The thighs of frogs

Last night I was perusing CT tasting notes to see if now is a good time to open an 11 or 12 Pierre Boisson Auxey-Duresses 1er Cru En Reugne. One note (2008) was in french, so I got Google to translate it. The summary sentence of the note translated to ‘Well held against the thighs of frogs!’. The alternate translation was ‘A neat face frog legs!’. I’m assuming the first was correct :slight_smile:

Further research indicates another possible translation is ‘tight thighs of frogs’…maybe this is french slang for sexy frog legs?

And people complain about salinity :slight_smile:

I would assume the poster was suggesting that it paired well with a dish of frog legs… and nothing about the sexiness of frog legs.

I guess you mean

A bien tenu face aux cuisses de grenouilles

which means what Vince said, ie it went well with frog’s legs.

I suppose.

Or…since ‘frogs’ is slang for a french person, and they were clearly/likely french, maybe they were making a closing comment about their sexy legs.

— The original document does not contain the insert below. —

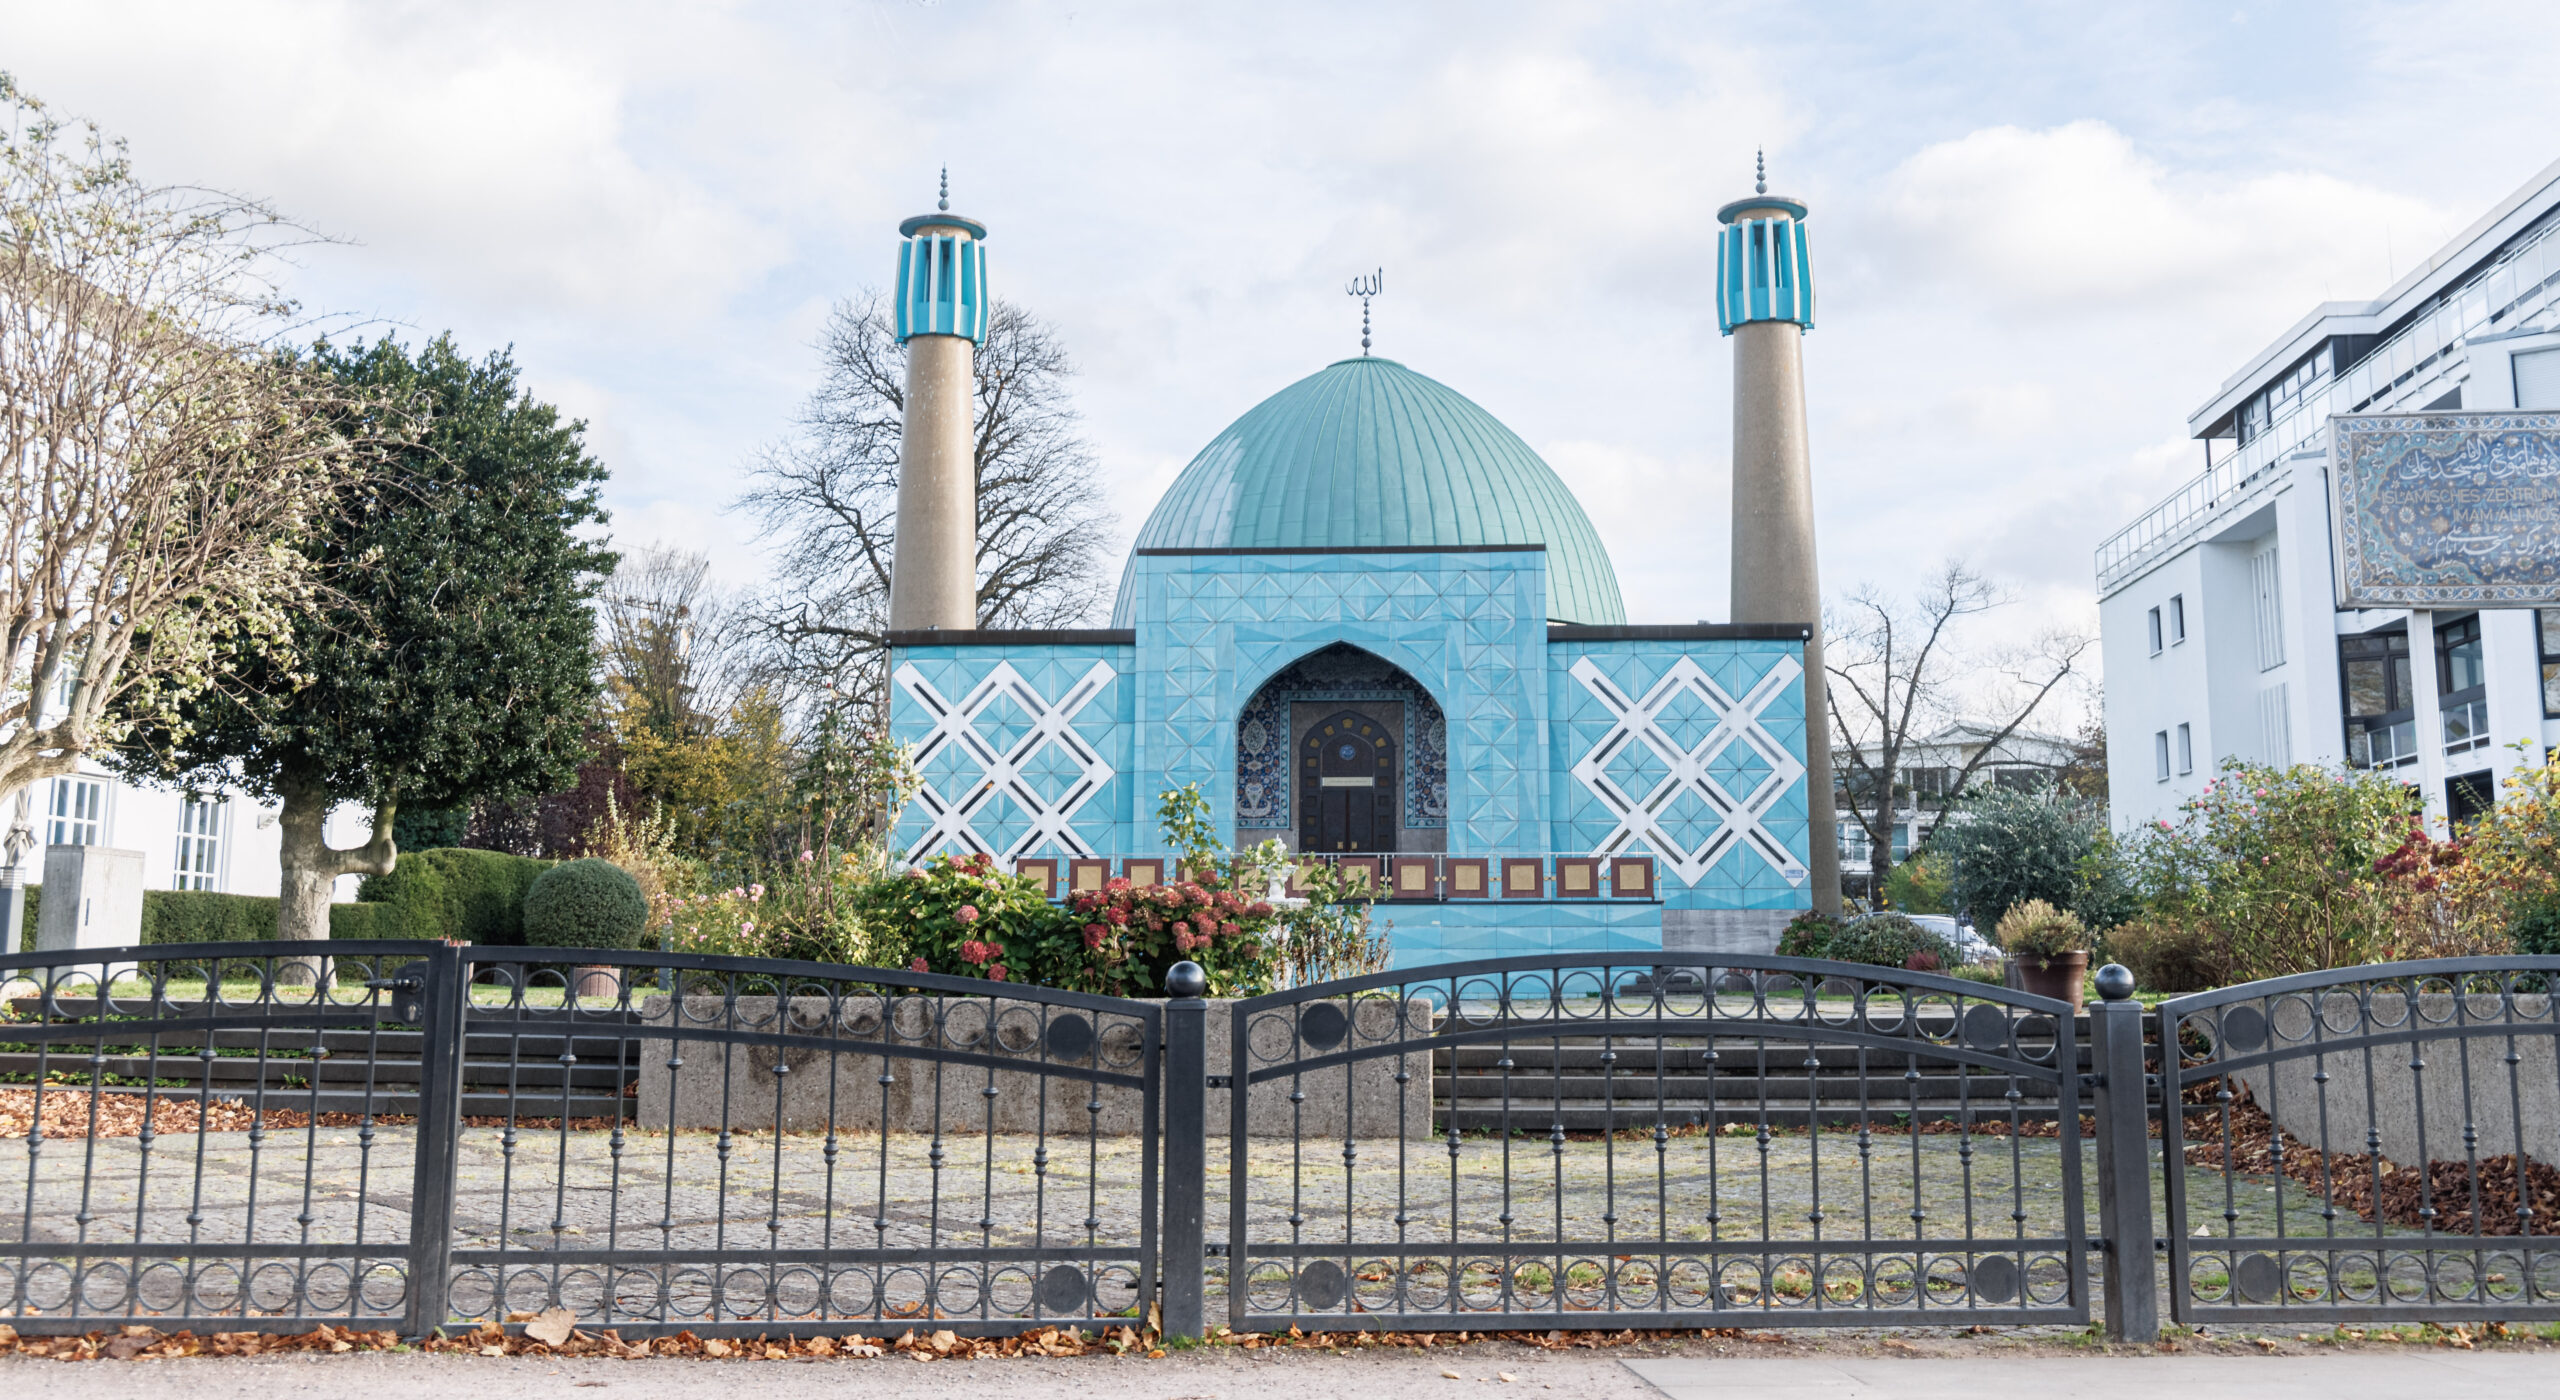 Das Islamische Zentrum Hamburg (IZH) der Imam-Ali-Moschee, auch Blaue Moschee genannt, ist aus dem Rat der Islamischen Gemeinschaften in Hamburg (Schura) ausgetreten.

Any thoughts on when the wines (11/12 En Reugne) will start to show some developed character (ignoring premox risk, however risky that might be), compared to the somewhat bracingly youthful state it’s been in?

Cuisses de poulet = chicken legs
Cuisses de grenouille = frogs legs

I am a meat eater, and have not many qualms about this but, apparently, the legs are removed from the frogs while they are still alive and the rest of the body is thrown away.

Since hearing that, I have tended to avoid them.

Alex R.

More like, “it held up well against frog’s legs.”